:: Work task ::
Only one stretch of the data is wanted: the line containing "Interweave Crochet Winter 2019-74", the line containing "Bright NFC Icon Vector", and every line between them, copied exactly.

:: The data ::
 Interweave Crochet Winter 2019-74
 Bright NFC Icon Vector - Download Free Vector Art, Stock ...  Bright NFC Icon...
==
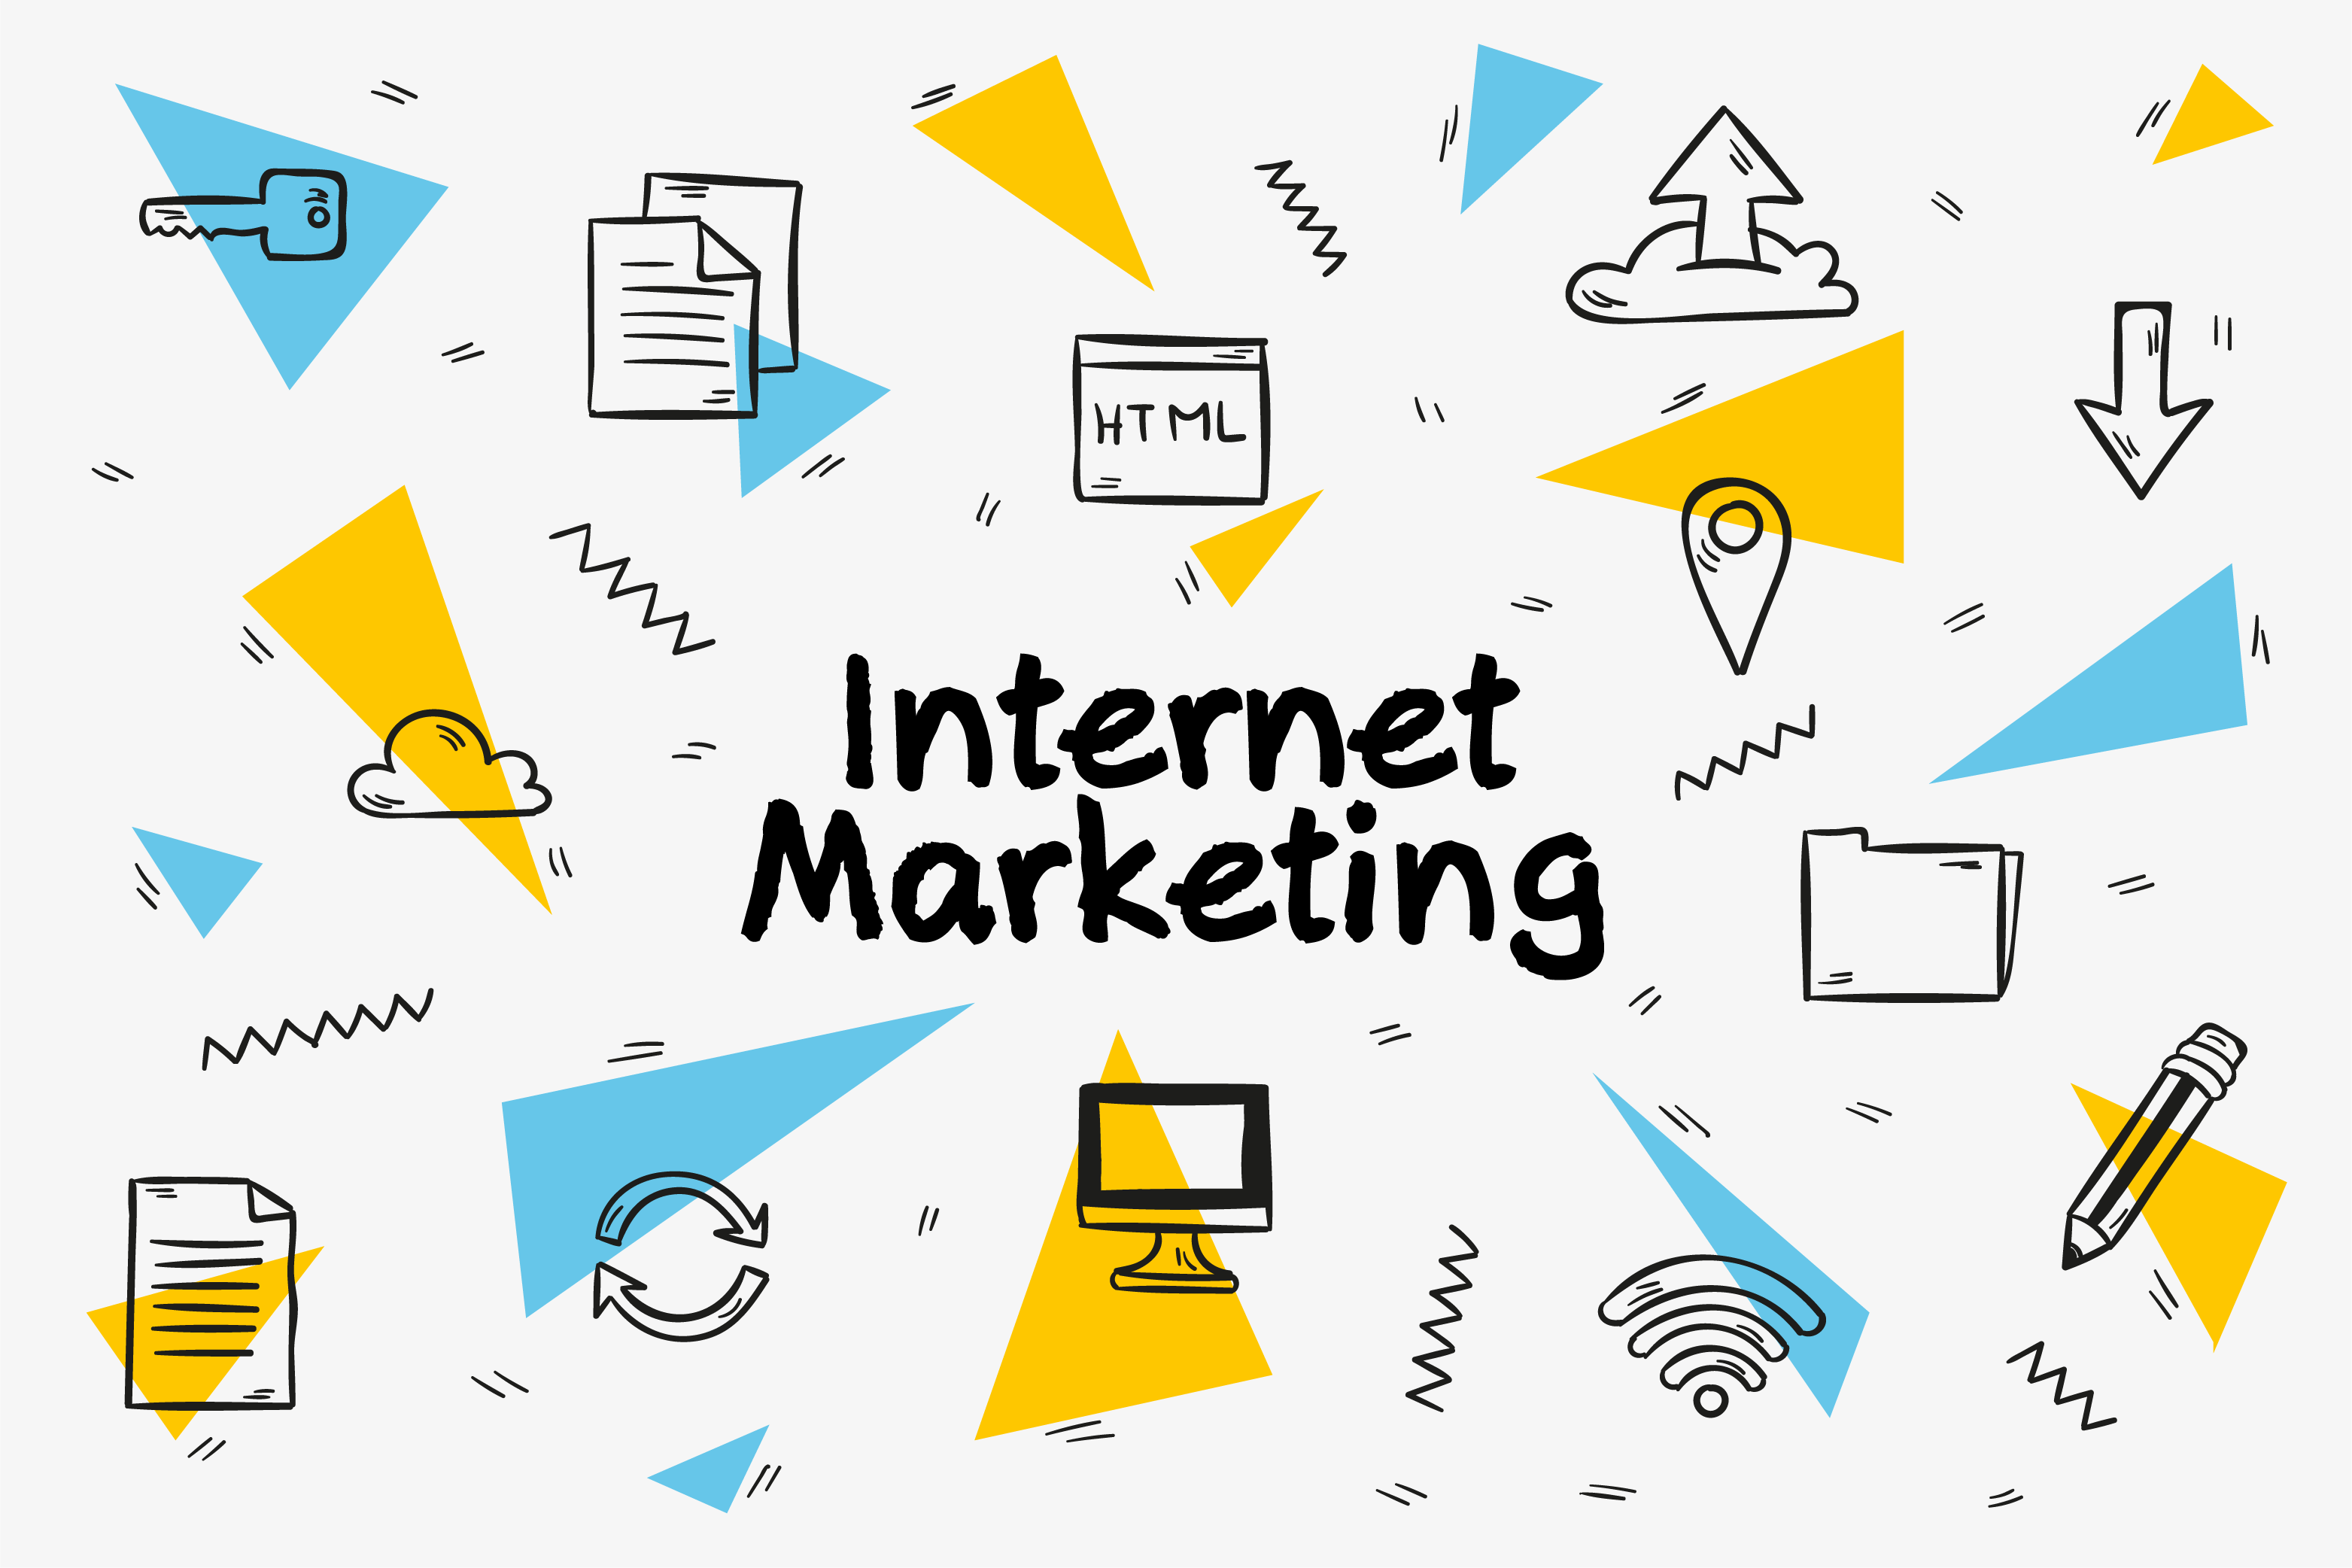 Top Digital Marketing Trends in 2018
...
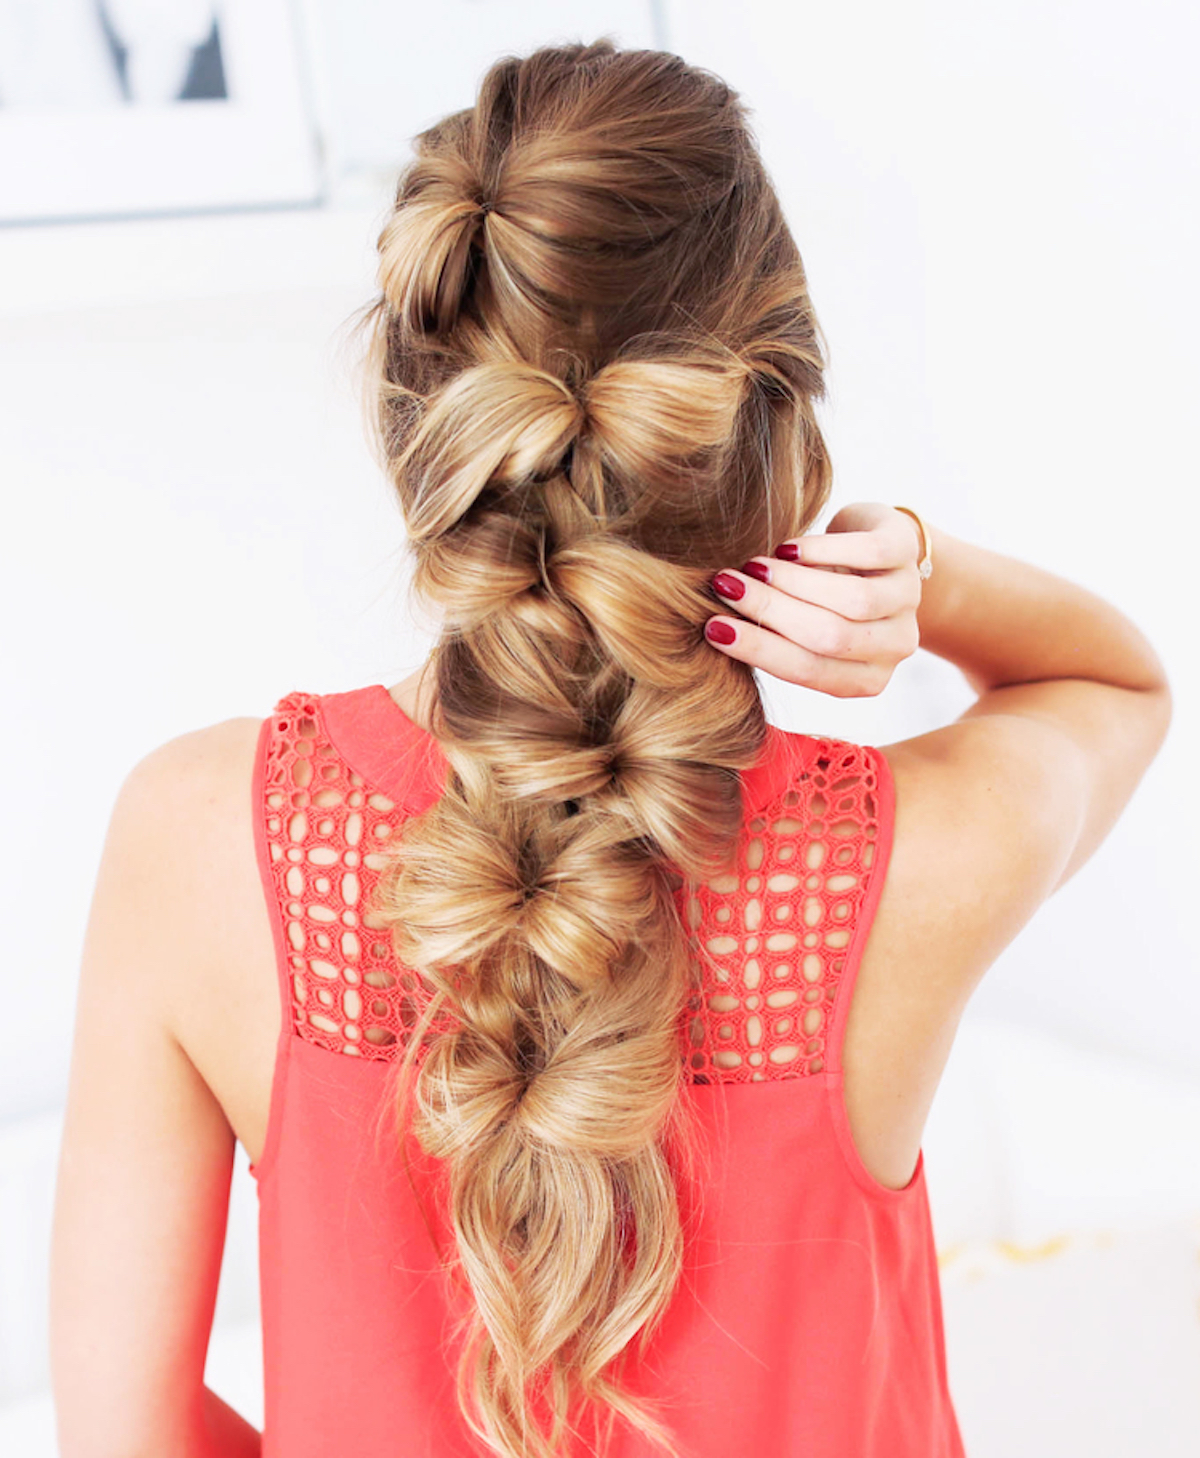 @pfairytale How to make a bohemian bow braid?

:: Solution for this task ::
 Interweave Crochet Winter 2019-74
 Bright NFC Icon Vector - Download Free Vector Art, Stock ...  Bright NFC Icon...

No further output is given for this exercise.